The summit is quite close to the radome facility, which is very lit up, and I didn’t want to stay too long lest someone there see me. I had read a report from some Norwegians who got caught on the summit by people from the summit facility.
I spent 15 seconds on top, snapping one picture without flash of the tripod and razor wire, then ran back down to the car. I got a few pictures on the way down, all without the flash, so nobody down below would see me.
I got to the car in about 7 minutes and immediately drove off into the night. My whole ascent was about 18 minutes round trip, so not really enough time for anyone to intervene even if they saw me from a distance. I nervously checked my rearview mirror every few seconds to make sure I wasn’t being followed, and after about 10 minutes finally relaxed.

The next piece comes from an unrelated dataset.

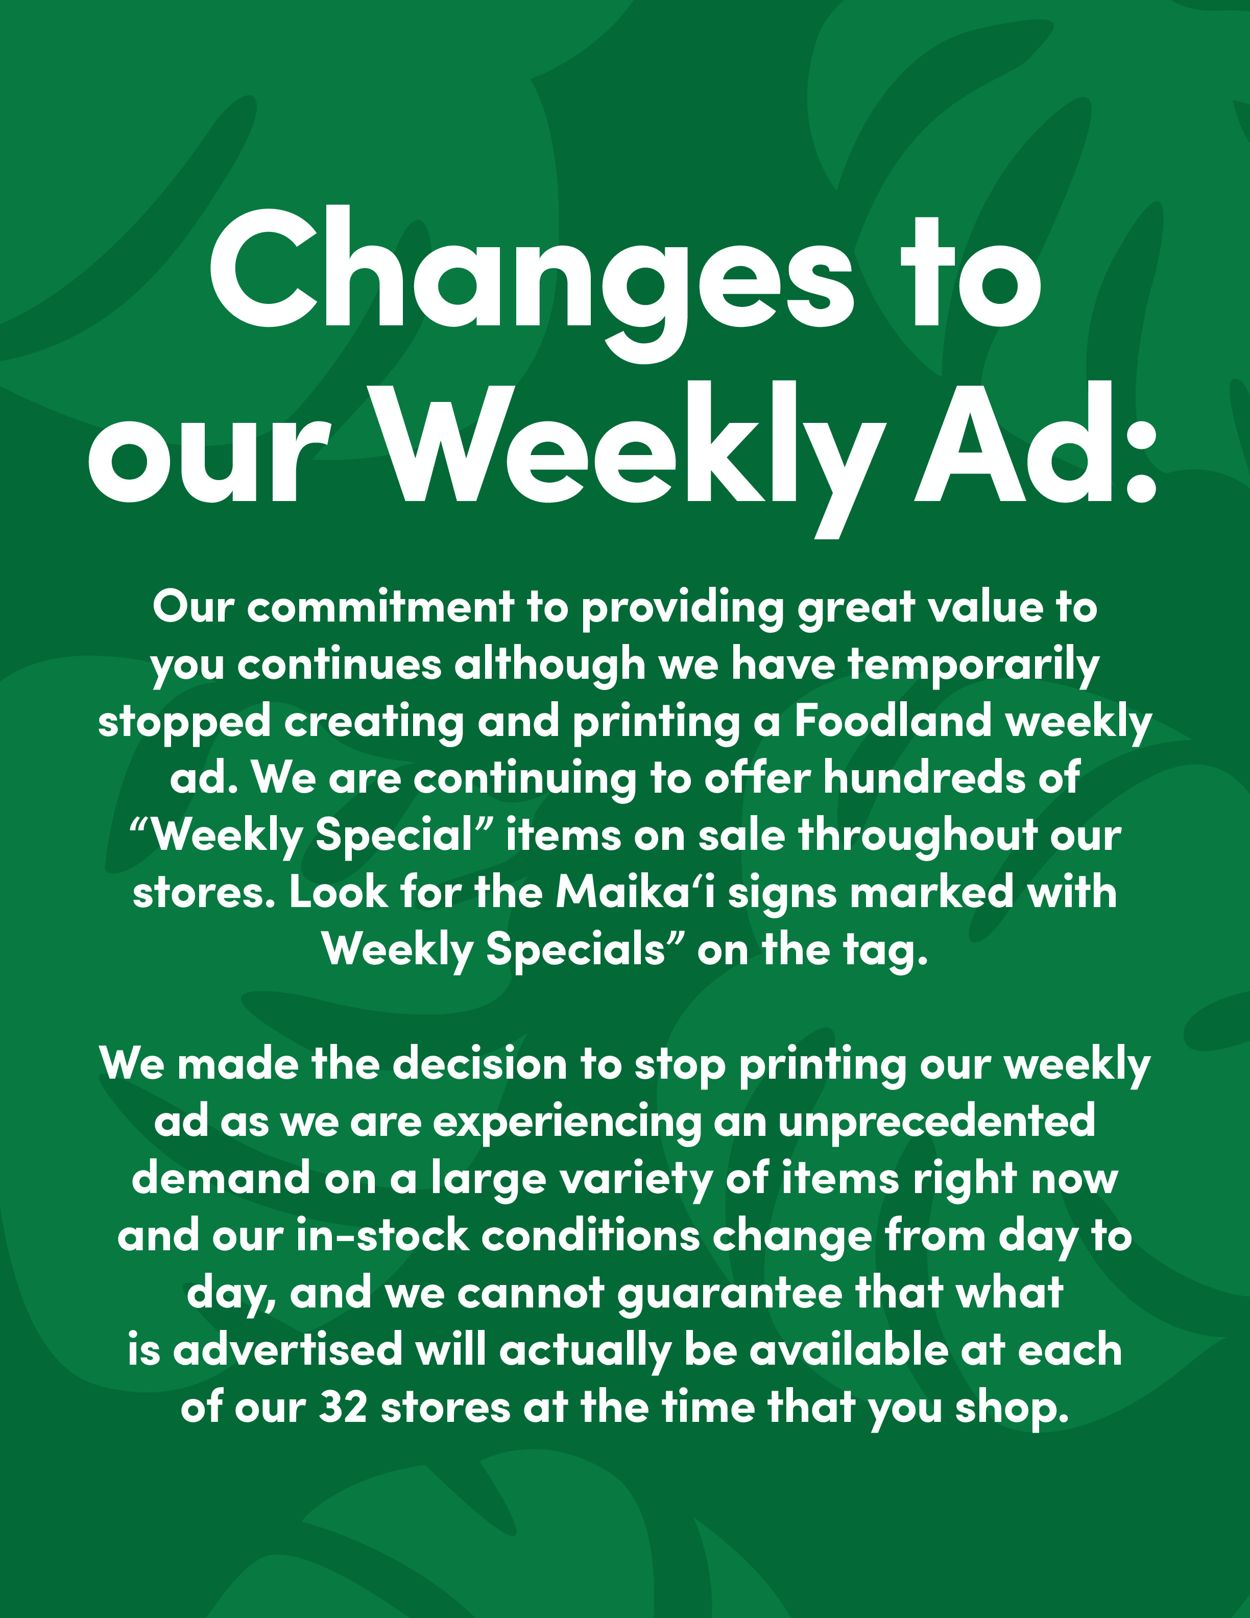 Foodland Weekly Ad Circular - valid 03/25-04/28/2020
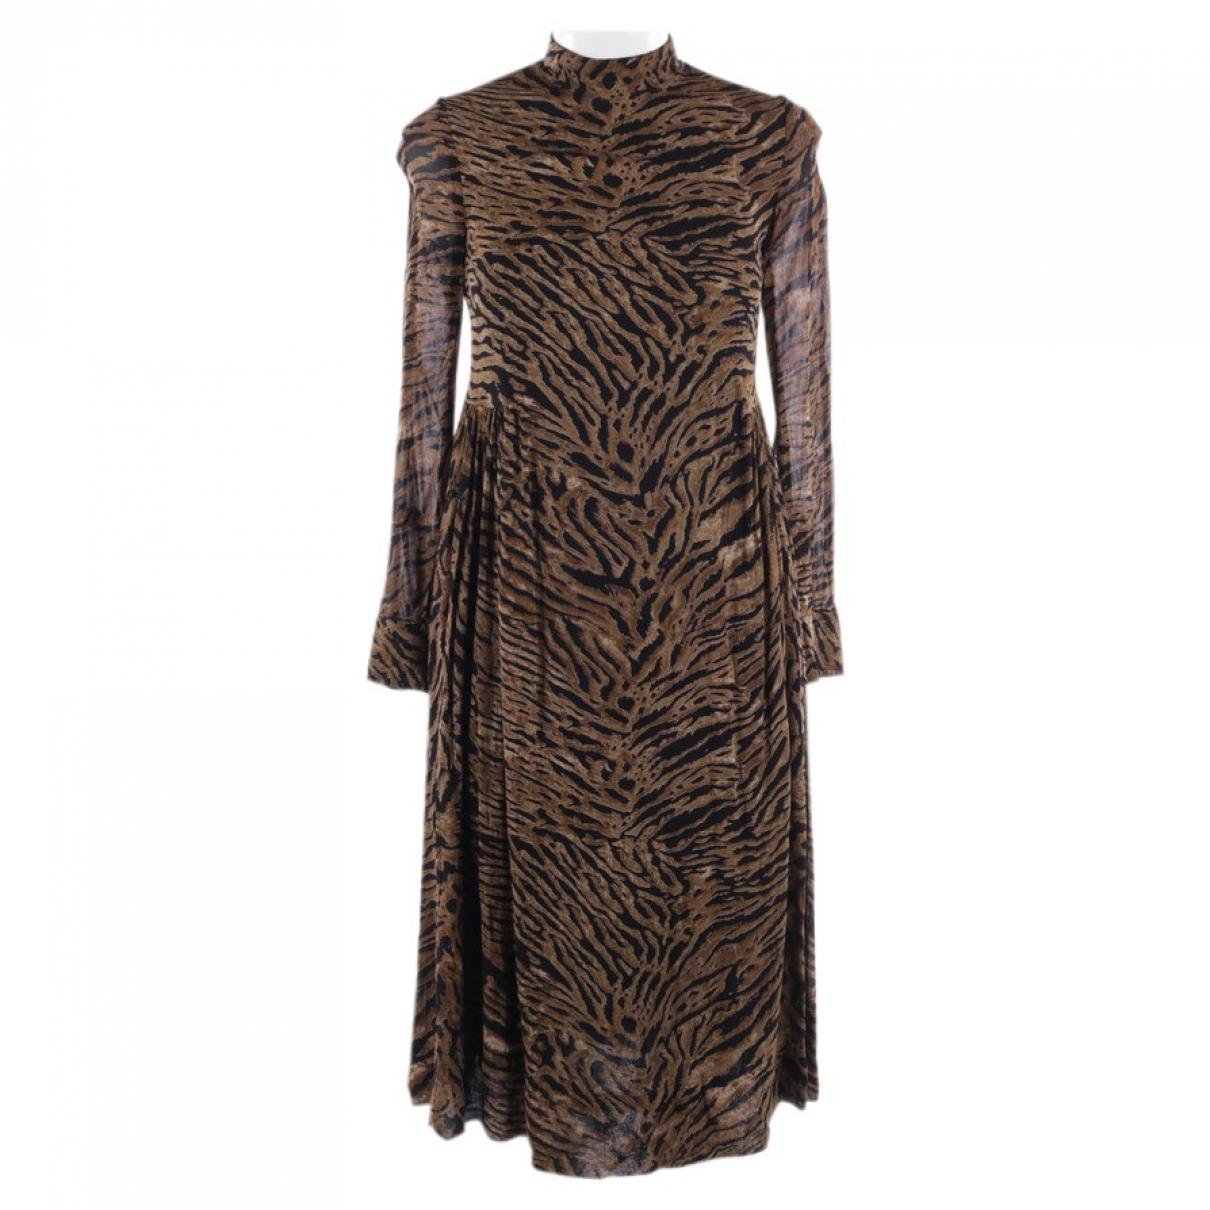 Ganni \N Kleid in  Beige Viskose

I managed to find a secluded spot to pull off into the the desert south of the peak, and fell asleep around 3:30am.
The next morning I drove back to the area in the daylight and noticed there was a big sign that said something like “military area, entry prohibited, photography prohibited”, but I hadn’t see that sign at night.
I spent the rest of the day driving around Bahrain, including to an impressive 600-year-old tree in the middle of the desert, before returning to the airport for my flight to Kuwait.